An award-winning teacher and researcher, Thorp served as director of Carolina’s Morehead Planetarium and Science Center from 2001-2005. In that role, he increased public attendance by 40 percent and expanded the Planetarium’s traditional focus to encompass new areas of science education. Under his leadership, for example, the science center developed “DNA: The Secret of Life,” a film that was installed at science museums throughout North America, including the American Museum of Natural History in New York City. Beginning in 2002, he also served as faculty director for an effort that thus far has raised $17 million in private funds towards the completion of the $205-million Carolina Physical Science Complex, the largest construction project in the campus’ history.

In 2005, Thorp was named Kenan Professor and chair of the Department of Chemistry. Last year he was selected through a national search to become Dean of the College of Arts and Sciences, which forms the core of UNC-Chapel Hill’s academic programs. The largest academic unit on campus, the College houses 54 academic departments and other units, has more than 4,500 faculty and staff, and teaches more than 14,000 undergraduates and 2,500 graduate students. Over the course of the past year, he has raised more than $57 million for the Arts and Sciences Foundation and secured 27 endowed professorships, making way for a dramatic expansion of the College’s Honors Program.

Thorp holds 19 issued or pending U.S. patents and has published more than 130 scholarly papers on the electrochemical properties of DNA and RNA. Some of the technologies he has invented, including highly miniaturized “DNA chips,” are being used to identify carriers of the gene for cystic fibrosis and to develop new treatments for sickle cell disease and iron overload. His DNA chip technology led to his being named one of the Top Innovators of 2001 by Fortune Small Business magazine.
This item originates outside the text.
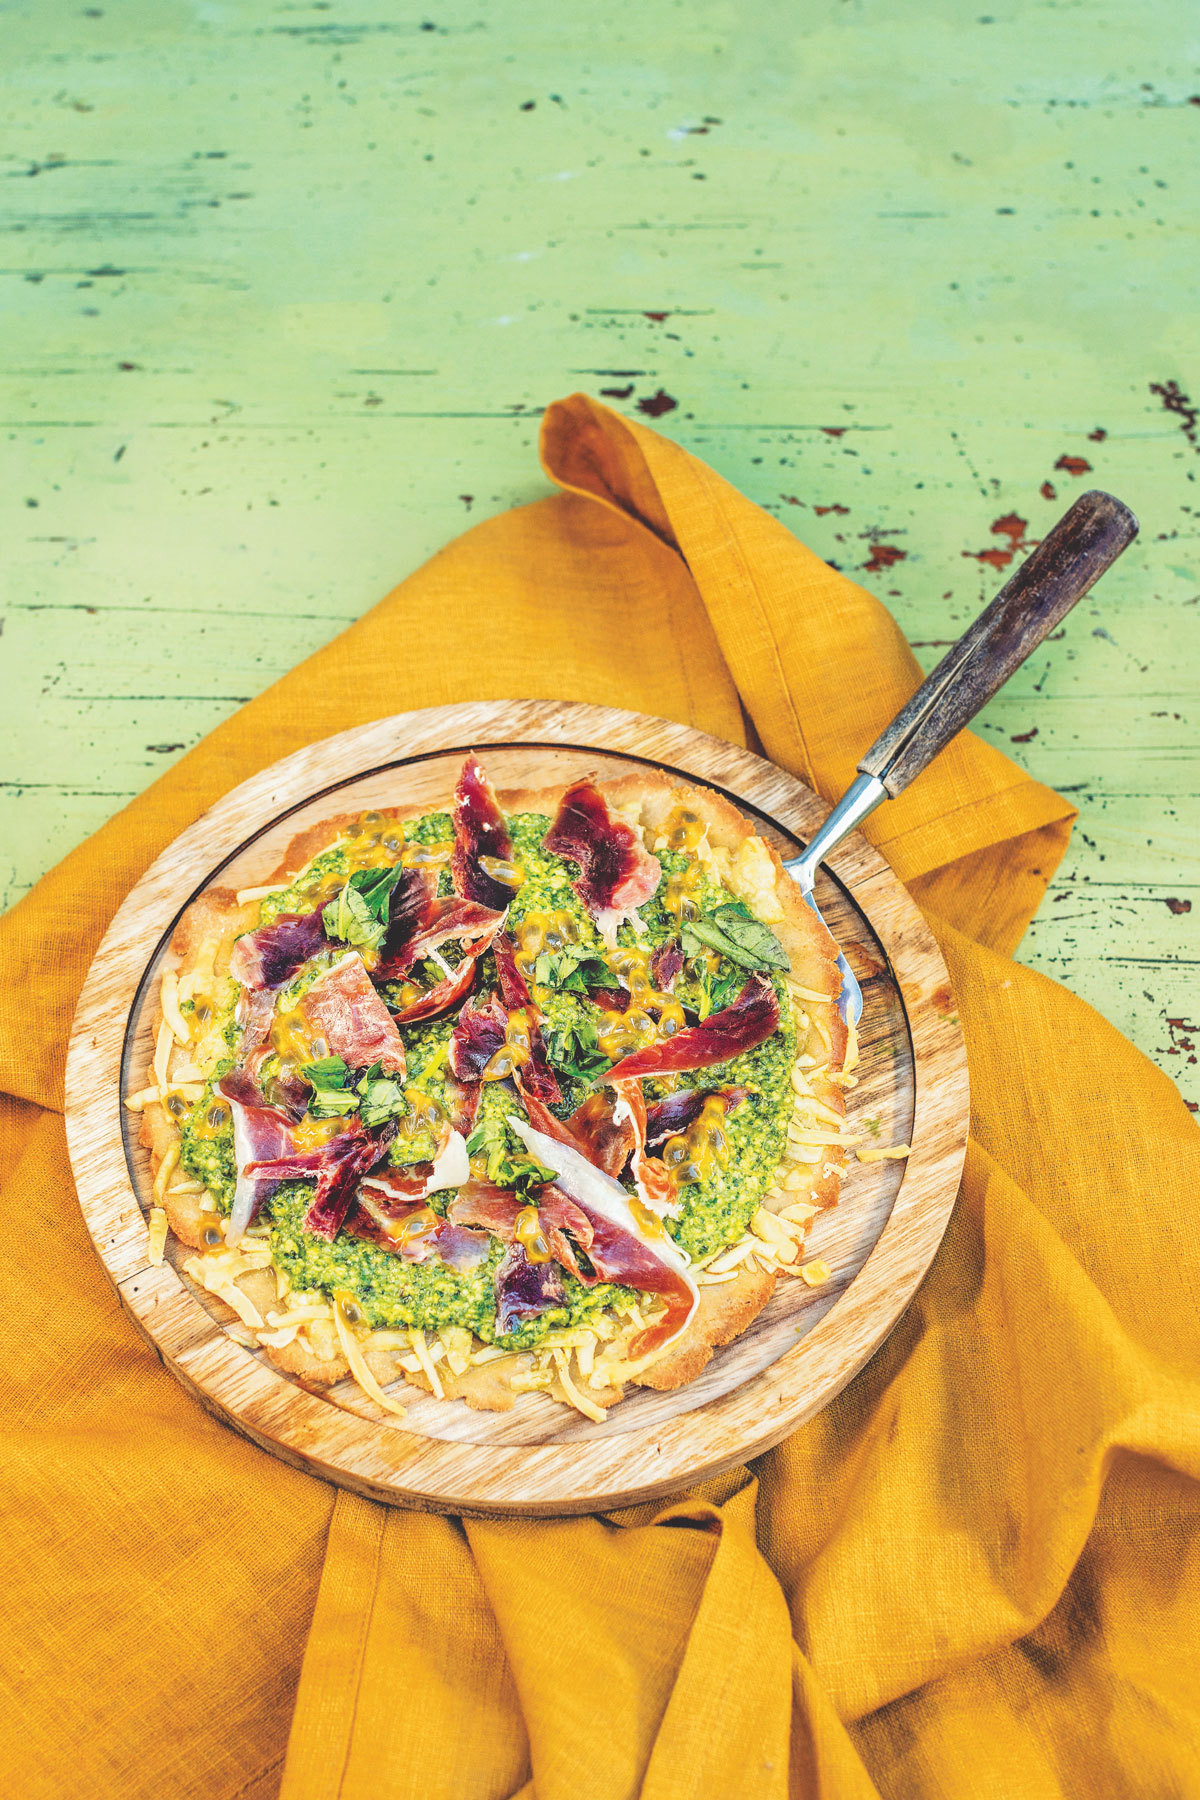 Pizza con pesto, maracuyá y jamón ibérico

In 2005, he co-founded Viamet Pharmaceuticals, a company dedicated to finding new drugs for metalloenzymes. In addition, he has been an advisor, co-founder, or consultant with many other small companies, including Novalon Pharmaceuticals, MaxCyte, Osmetech, OhmX, and Plextronics.
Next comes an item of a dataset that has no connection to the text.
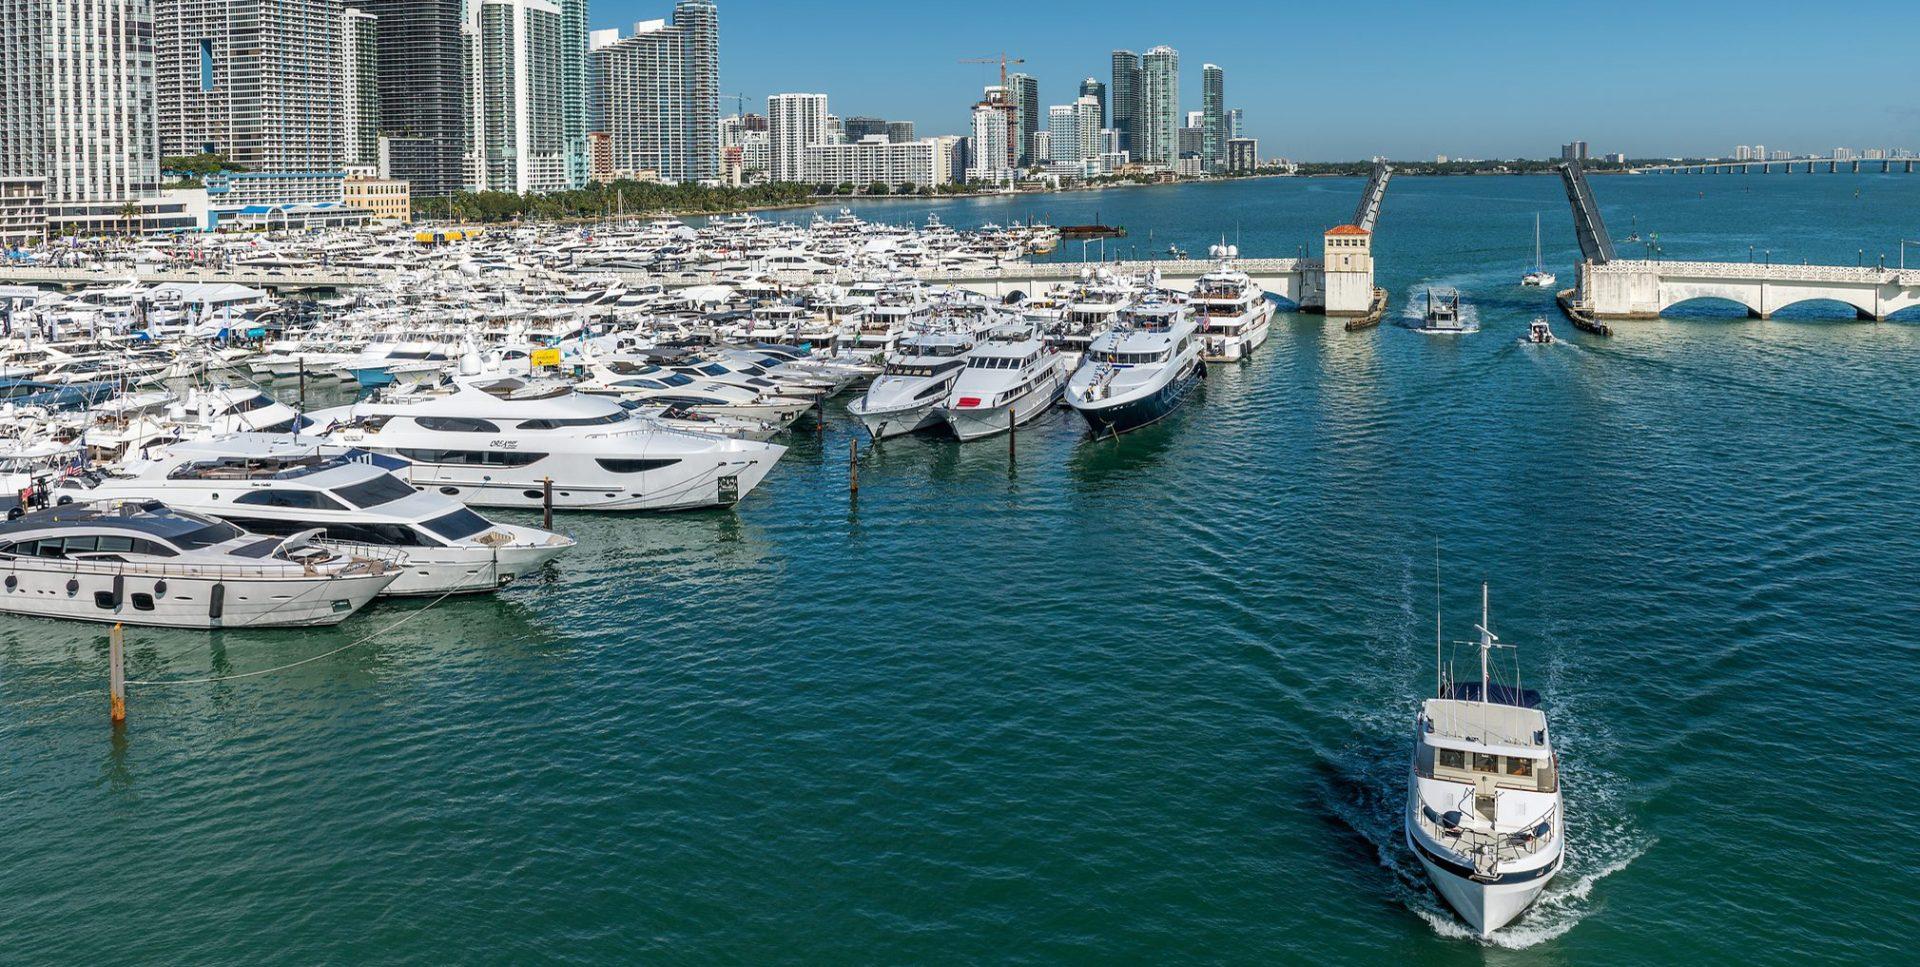 Miami International Boat Show, Miami Marina, docked full of luxury superyachts

Thorp’s impact in the classroom and laboratory has been recognized with a litany of honors and awards. They include the National Science Foundation’s Presidential Young Investigator Award (1991), the Lucile Packard Fellowship in Science and Engineering (1991), the Camille Dreyfus Teacher-Scholar Award (1995), the Ruth and Philip Hettleman Prize for Artistic and Scholarly Achievement (1996), Carolina’s Tanner Award for Excellence in Undergraduate Teaching (1998), and the Alfred P. Sloan Fellowship (1996). He also received UNC-Chapel Hill’s General Alumni Association’s Distinguished Young Alumnus Award in 2002.

An accomplished musician who plays jazz bass and keyboard, Thorp is married to Patti Worden Thorp, a Hope Mills native and UNC Greensboro graduate. They have two children: John, 13, and Emma, 9.